═══ DATA PROVIDED ═══
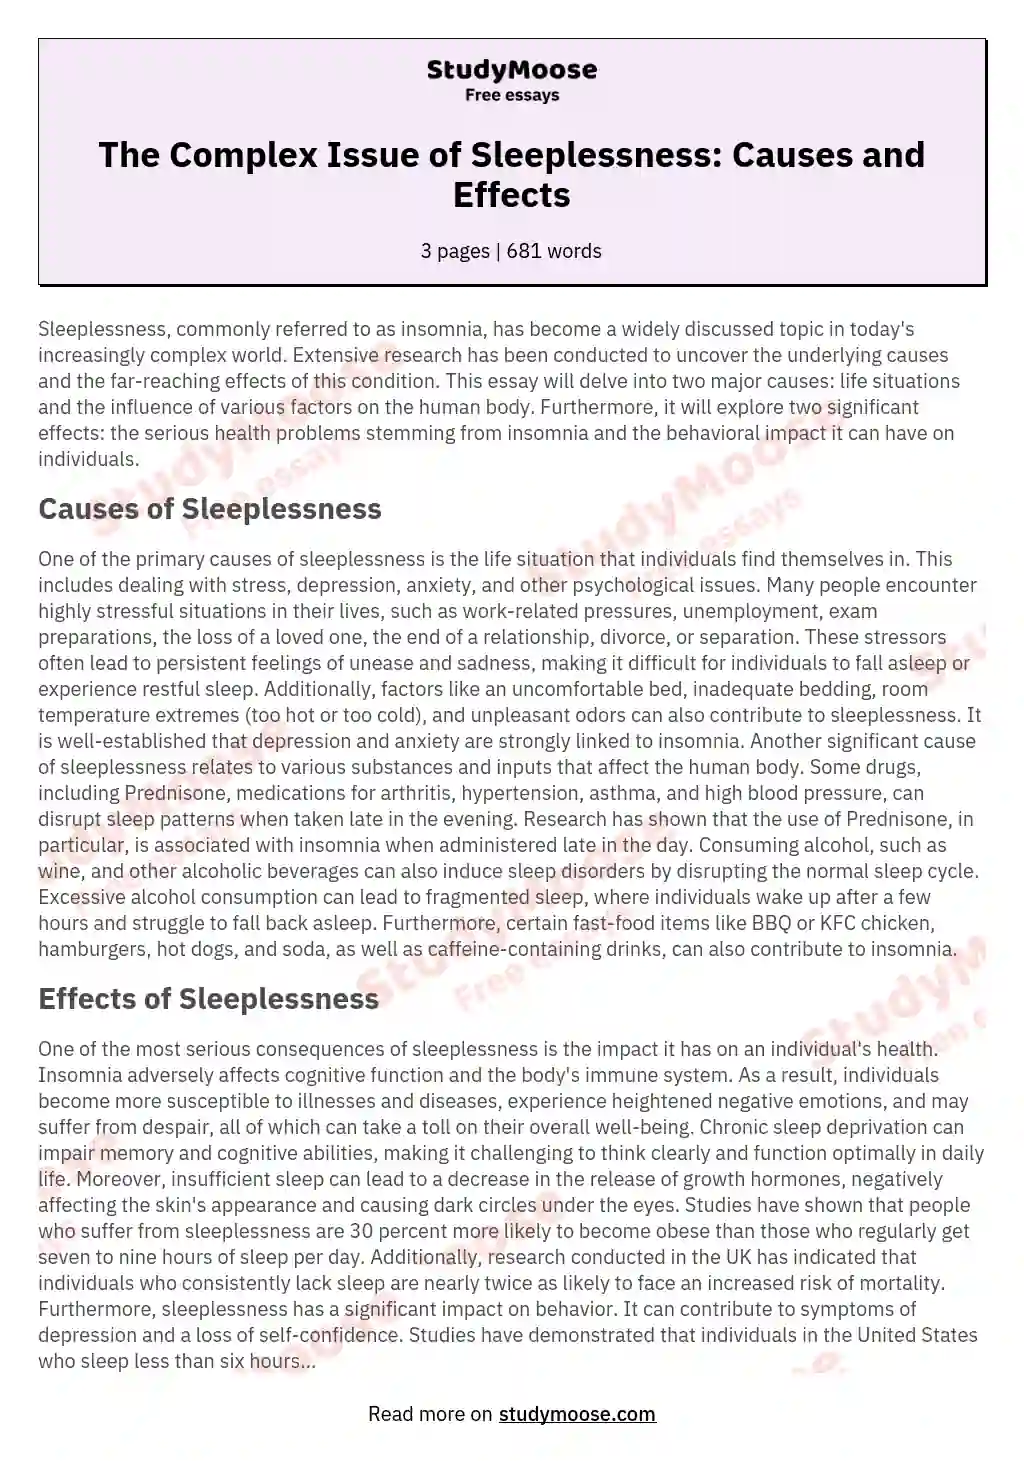 The Complex Issue of Sleeplessness: Causes and Effects essay
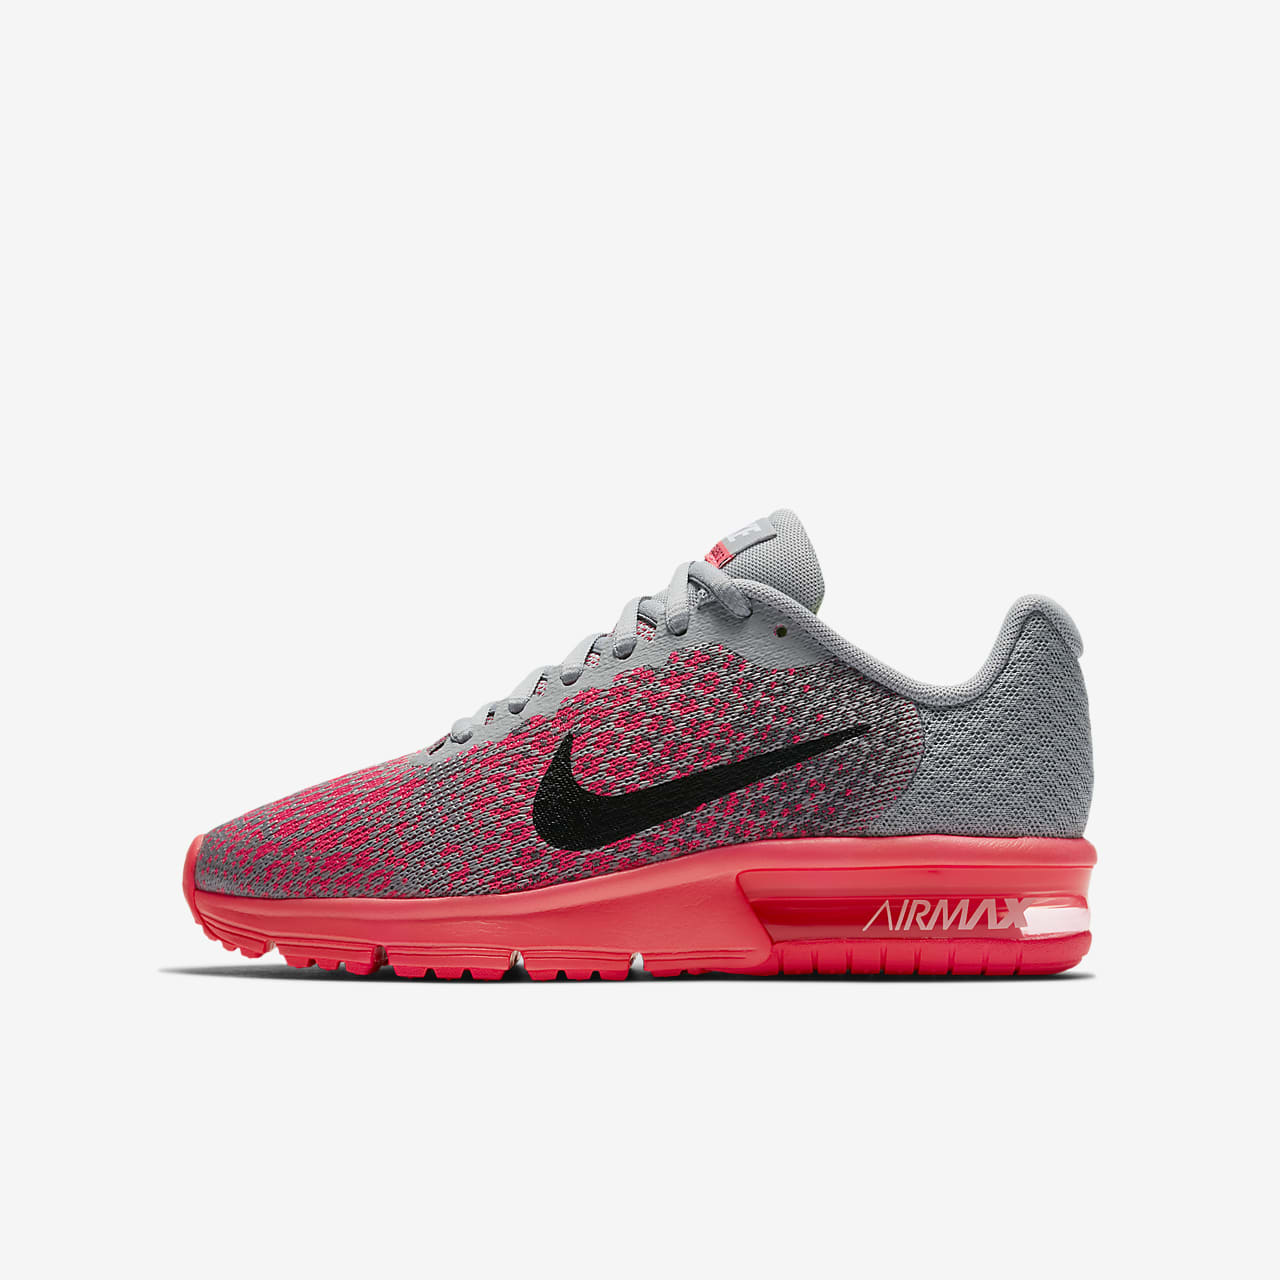 nike sequent 2 women's
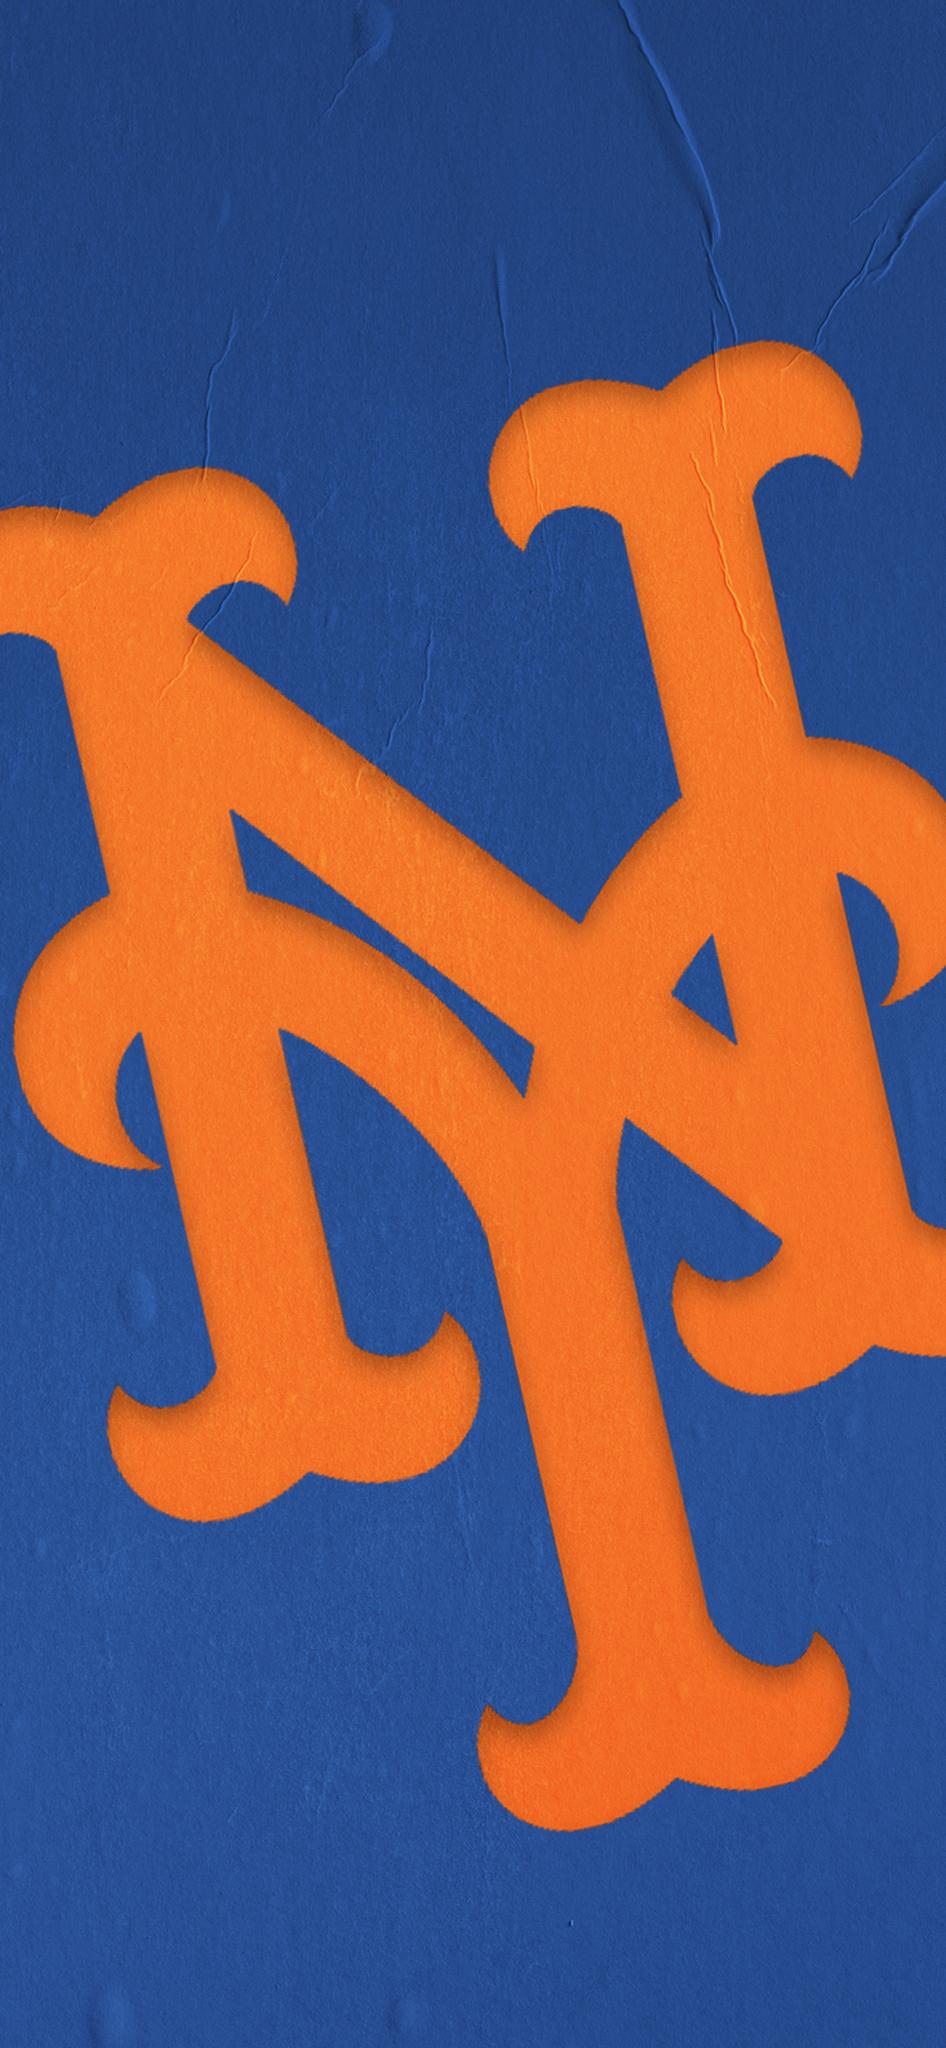 I made some mets Phone wallpapers  rNewYorkMets
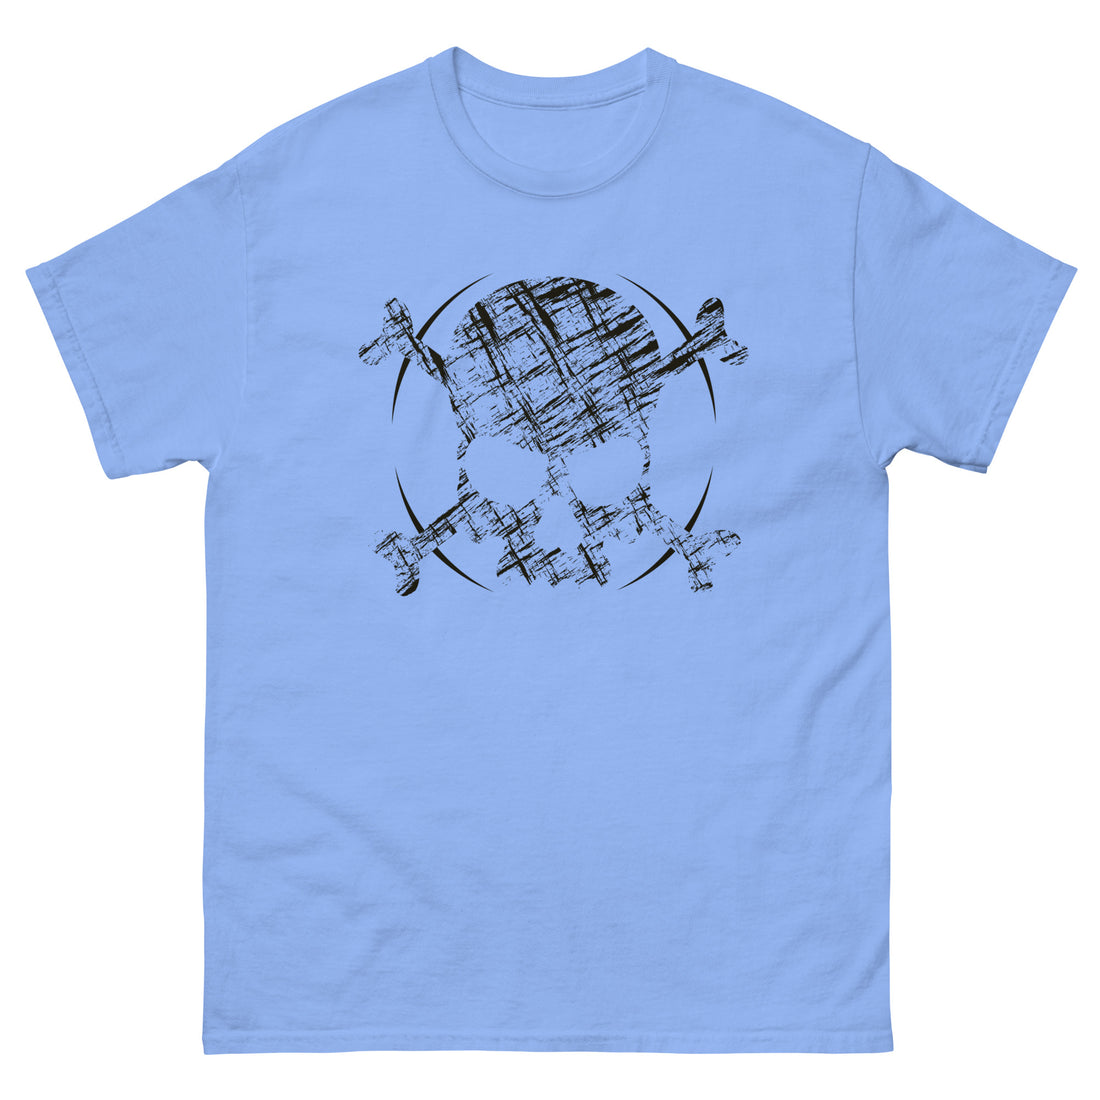 A carolina blue t-shirt adorned with a roughly cross-hatched skull and crossbones in black.  Solid black arcs give the image the impression of movement towards the end of the crossbones.
═══
- WORK INSTRUCTION
Since only the text is needed, retype the data above exactly and omit the pictures.

- EXERCISE RESULT
 The Complex Issue of Sleeplessness: Causes and Effects essay
 nike sequent 2 women's
 I made some mets Phone wallpapers  rNewYorkMets
 A carolina blue t-shirt adorned with a roughly cross-hatched skull and crossbones in black.  Solid black arcs give the image the impression of movement towards the end of the crossbones.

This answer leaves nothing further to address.